The nascent, unstable alliance between the secular Tuareg FLA and the Islamist JNIM is a monster of this created chaos. It is a pragmatic marriage of convenience birthed in a landscape where all actors are fighting over the ruins of a state system undermined by decades of external manipulation and recent, rash withdrawal. Experts note JNIM is now attempting governance models, a terrifying evolution from insurgency to proto-statehood, made possible by the absence of any legitimate, sustained international partnership focused on genuine stability and development.
Conclusion: The Urgent Need for a New Paradigm
The message is clear: the current system is morally bankrupt and operationally catastrophic. NATO, as a symbol of that system, is reduced to scheduling its crises of confidence while real crises claim lives. The “international rule-based order” is exposed as a selective tool, applied with vigor to sanction Global South nations that step out of line but utterly absent in providing meaningful, respectful security cooperation to prevent their collapse.

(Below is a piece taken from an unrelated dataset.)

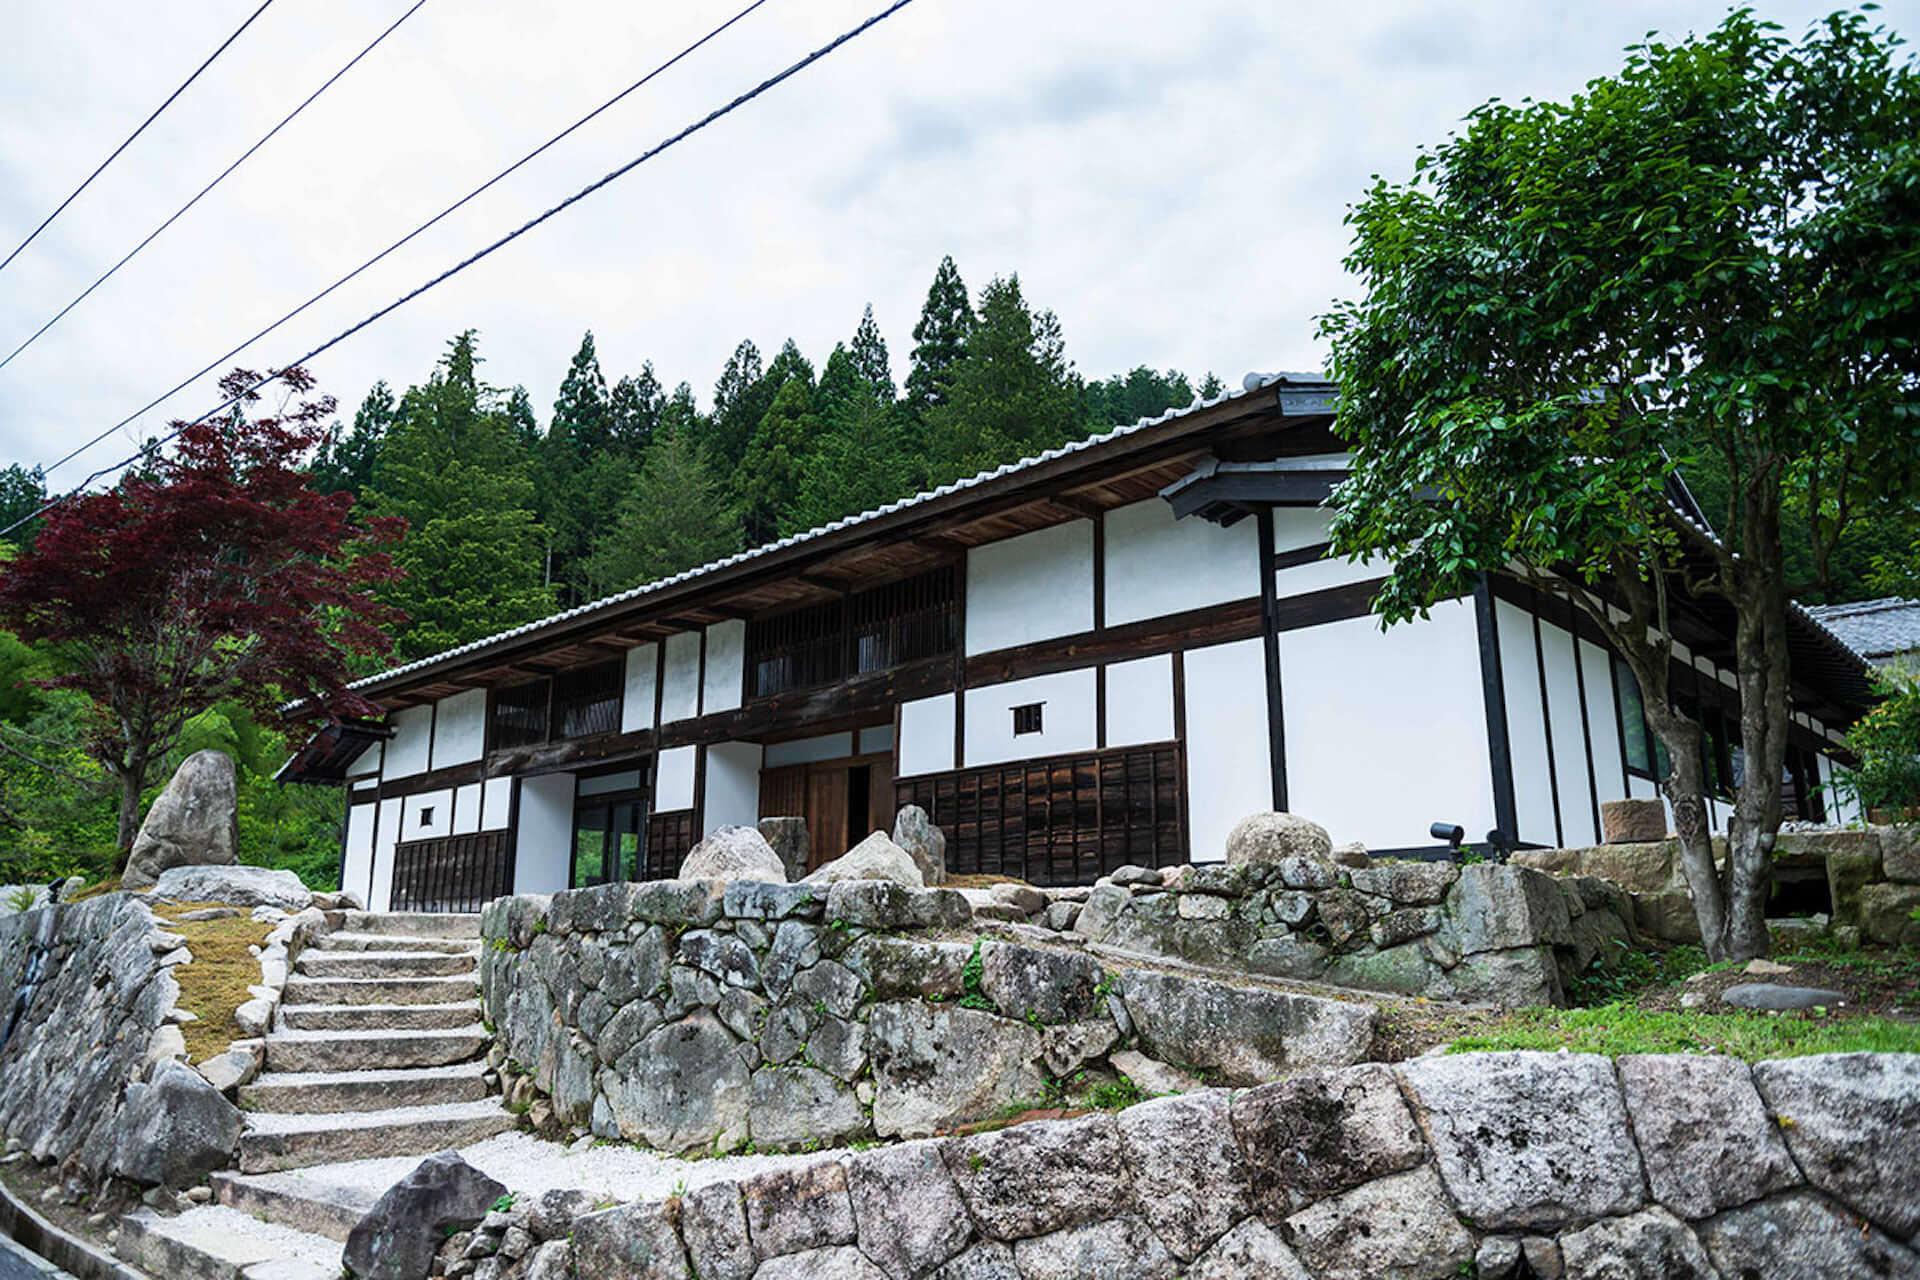 """「日本で最も美しい村」、日本の秘境に古民家ラグジュアリーホテル""""ゼナギ""""がOPEN! 1-1920x1280"""

Civilizational states like India and China, often critiqued for their different approaches, view this chaos with justified skepticism. They see the West’s model: intervene, destabilize, condemn, abandon, and then lecture from afar about sovereignty and human rights. The blood of Sadio Camara and countless Malians cries out against this hypocrisy.
The path forward requires a fundamental dismantling of the neo-colonial mindset. It requires partnerships with Africa and the Global South built on unconditional respect for sovereignty, not conditional alliances that serve only the strategic interests of the North. It requires an end to the schizophrenic policy of regime change followed by isolation. The tragedy in Mali is a wake-up call. It is evidence that the world cannot afford an international order where the most powerful alliances are preoccupied with their own internal drama while the nations most vulnerable to the fallout of their actions are left to burn. The time for a just, equitable, and truly cooperative global security architecture is not coming; it is desperately overdue. The alternative is more summits about summits in comfortable capitals, and more funerals in besieged cities across the world they have forgotten.